In winter, encased in snow and ice, the Valley is suddenly submerged in water, albeit the frozen kind. Traveling in the woods, traversing the hills, surveying distances at a glance becomes noticeably easier than at other times of the year. The thought of camping in the woods in winter inspires fear and loathing in some people, but for many backpackers, it is the easiest kind of camping: no bugs, no fire hazards, plenty of water, in the form of snow, with which to boil up the evening's repast. The snow is easy to level under the tent, soft to sleep on, insulating. I've been colder in late fall and early spring without snow on the ground than I've ever been in the dead of winter, the perimeter of my tent banked with snow.

Most of all, winter is a quiet time when, far from the madding crowd, I feel solitude without loneliness. Alone in the woods, I become transfixed by the few intermittent sounds that interrupt the silence: the sharp report of hardwoods crackling in the frigid air, the crunch of powdery snow under my boots, the lonely howl of wind in the treetops.
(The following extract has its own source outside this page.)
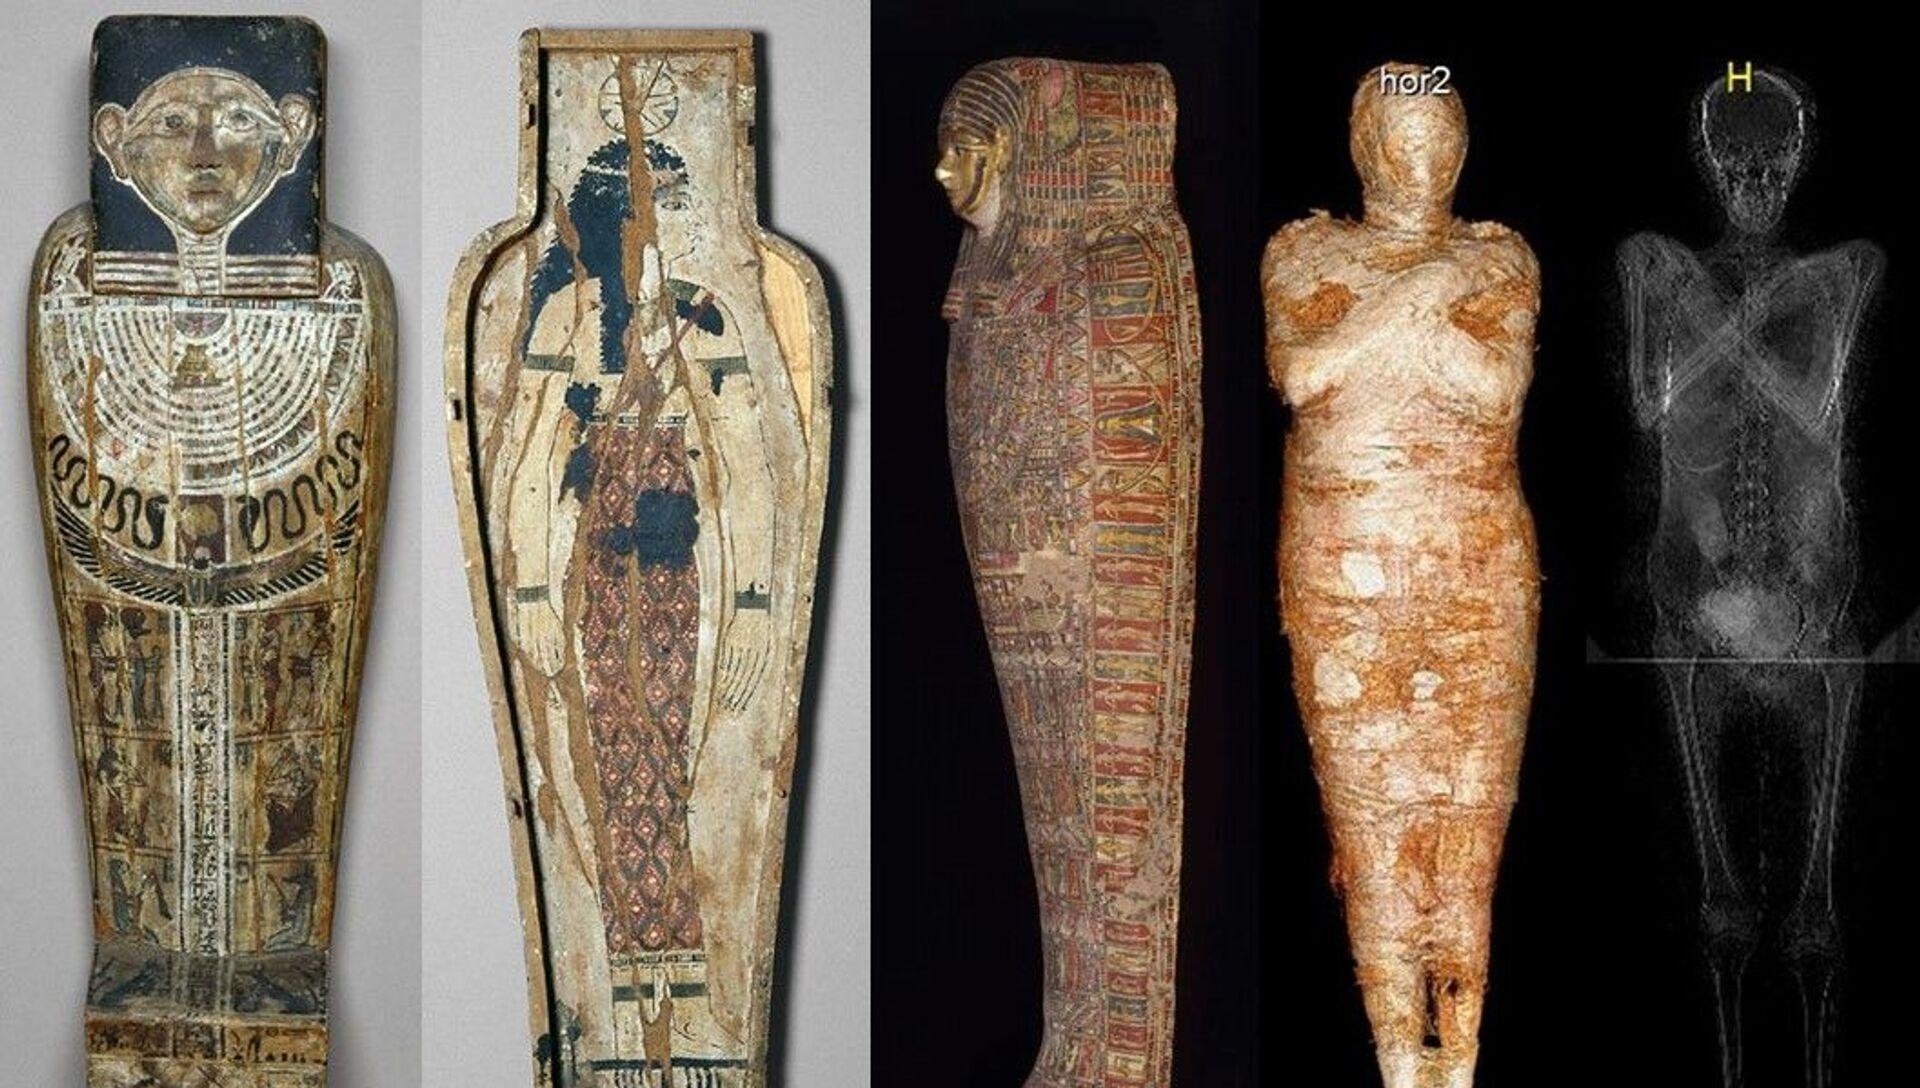 L'esame radiologico di un'antica mummia rinvenuta nelle tombe reali dell'Alto Egitto ha dimostrato che si tratta del corpo di una donna incinta. - Sputnik Italia, 1920, 18.05.2021

It is, in many ways, like being adrift in the ocean, dwarfed by the enormity and indifference of the natural world around me.

What happens outdoors in the winter, for me, makes going inside all the more pleasant. Collins and others who fail to see the majesty of winter will bemoan the need to shovel snow, never thinking of all the yard work they don't have to do in winter. At any other time of year, I'd feel guilty flopping from the dinner table to the couch when there's grass to be cut, a garden to be weeded or harvested, leaves to be raked. In winter, when the sun is down, it's time to relax in front of the fire without a hint of guilt or anxiety. Life seems simpler in winter, more cut and dried. Shorter days make the daylight hours more intense, the darkness more enveloping. Within all that starkness, little pleasures seem bigger: food tastes better, candles burn brighter, sleep is deeper, more peaceful.

No doubt winter has its hardships. It's a time of year in which New England can seem downright inhospitable to the delicate human creatures who populate the region. It's the very harshness of winter, however, that ultimately defines the region and its people. To be a New Englander and merely tolerate winter is to live with one eye out for something better, at least less demanding. The trick to being a New Englander is not figuring out how to endure winter; it's learning to love it.